There are various ways to automate carbon dioxide fertilisation systems. One of the most popular relies on pH. As stated above, the concentration of carbon dioxide is related to the carbonate hardness and pH of the water. Given the carbonate hardness is approximately constant, a certain amount of carbon dioxide will lower the pH to a certain level. If we have an optimal concentration of carbon dioxide, for any given carbonate hardness there will be resulting pH value, typically around 7.0. If the pH level goes above that value, then more carbon dioxide needs to be added; once the pH reaches that value, then carbon dioxide does not need to be added any more. Using an electronic pH meter these automated carbon dioxide fertilisation systems top up the carbon dioxide at just the right amount to maintain the correct concentration for good plant growth. While expensive, these devices take a lot of the hard work out of carbon dioxide fertilisation.

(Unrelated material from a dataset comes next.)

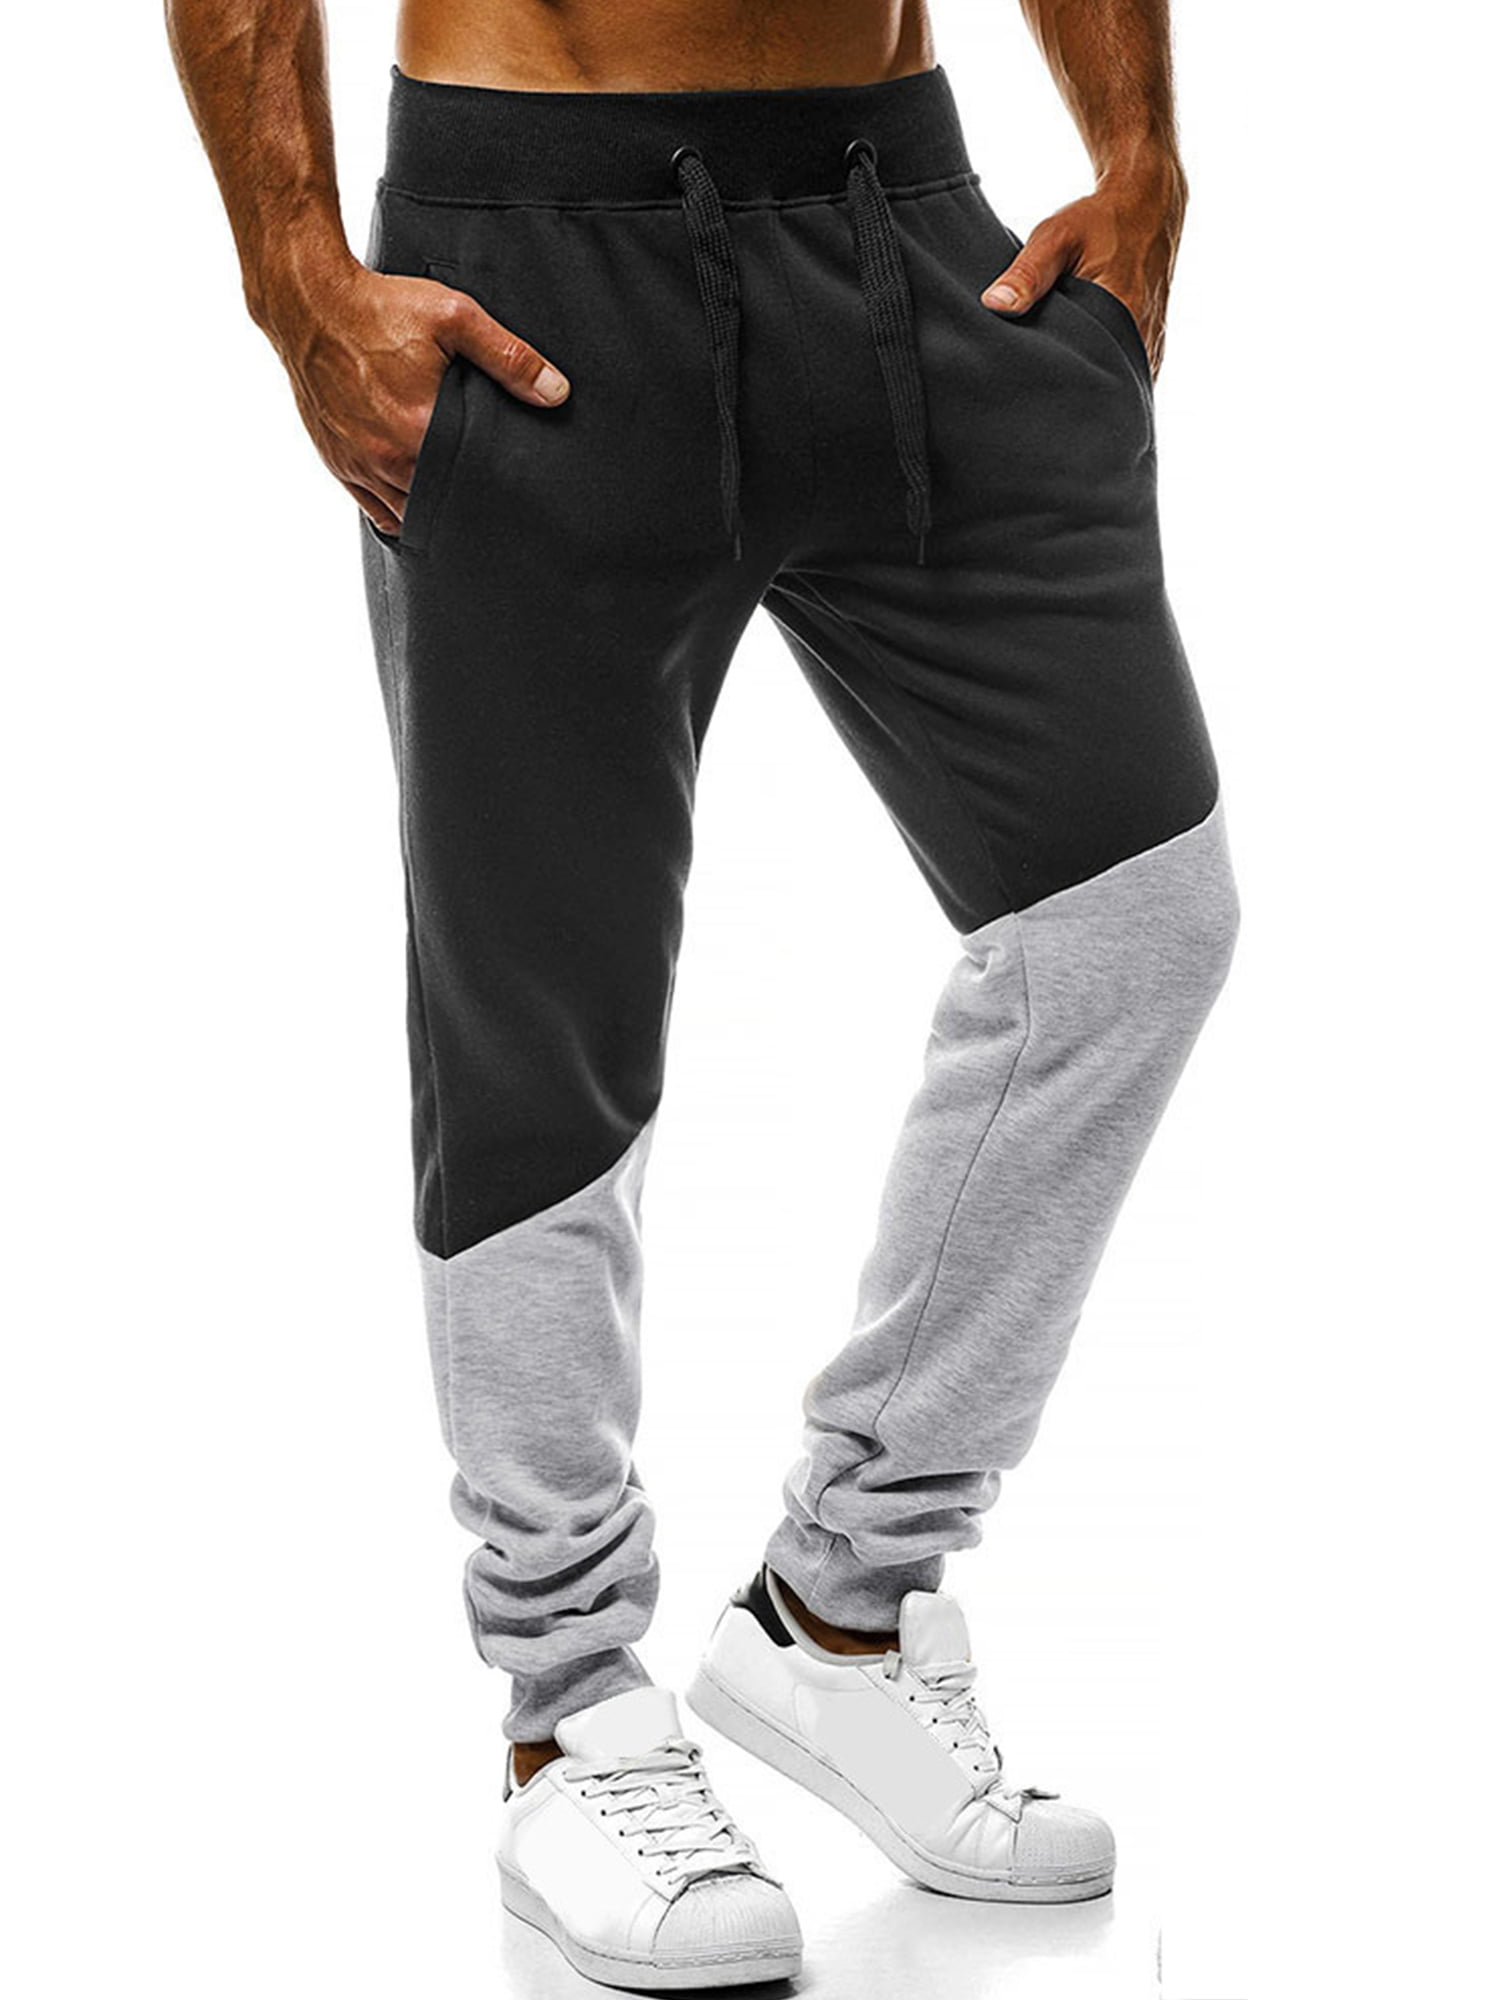 Mens Casual Pants Activewear Bottom Gym Fitness Running Sweatpants Long Trouser 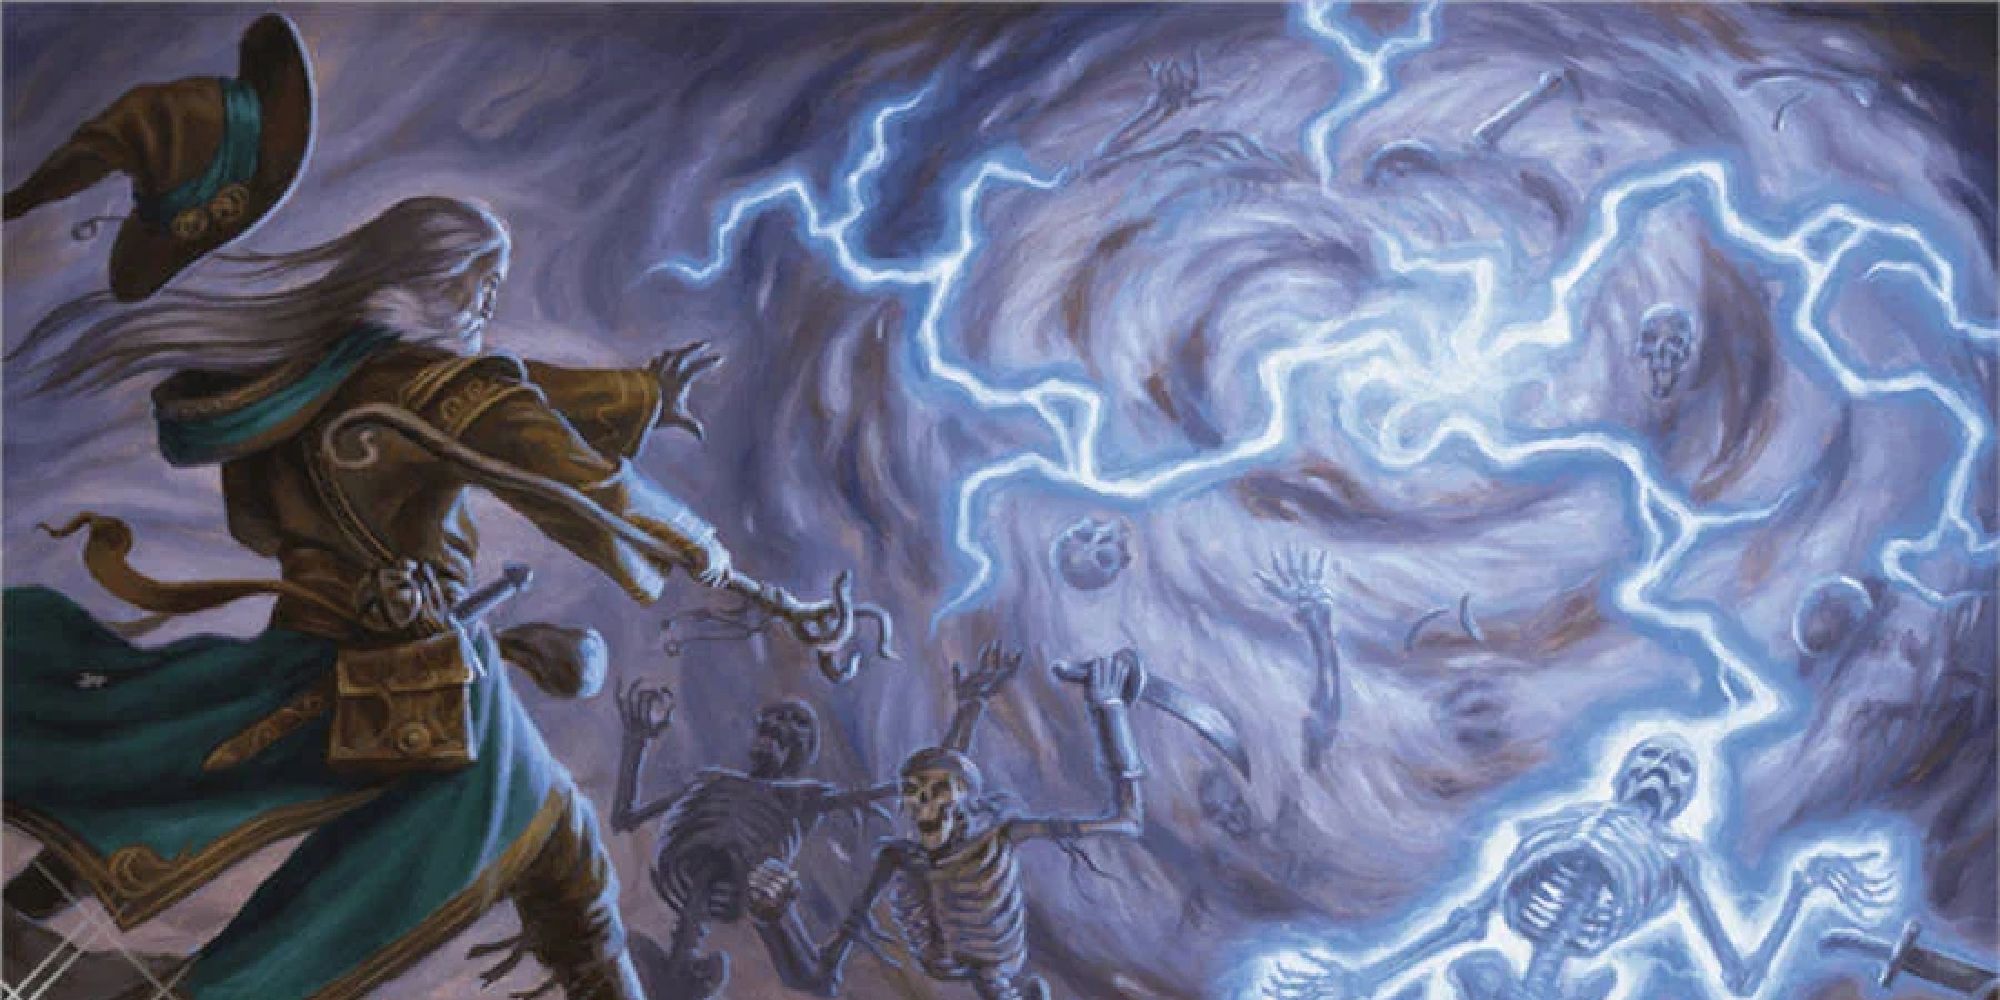 A grey-haired wizard casts a lightening spell from a swirling vortex against an army of skeletons.

The use of carbon dioxide to improve plant growth has been promoted by numerous companies in recent years, in particular Dupla in Europe during the 1980s and more recently by Aqua Design Amano in Japan and the US. Certainly it is true that when carbon dioxide is used properly the results can be amazing, and it's very difficult to get the same diversity of healthy, fast-growing aquarium plants without using carbon dioxide.
But with that said, carbon dioxide is strictly optional, and aquarists with plant problems often wrongly assume that the lack of carbon dioxide is the reason for their failure. Almost always, it's something else, whether light intensity, substrate quality, lack of mineral nutrients, or the wrong environmental conditions. Because careless use of carbon dioxide can cause all sorts of problems for your fish, carbon dioxide fertilisation is not something to approach on a whim. It's important to take some time reading around the subject before spending what will likely be $100 or more on the necessary hardware. Practically every modern book on aquarium plants contains a section on carbon dioxide fertilisation, and finding one to suit your budget shouldn't be hard. There are also any number of online forums dedicated to 'aquarium gardening' and these will provide plenty of inspiration, advice, and first-hand experiences.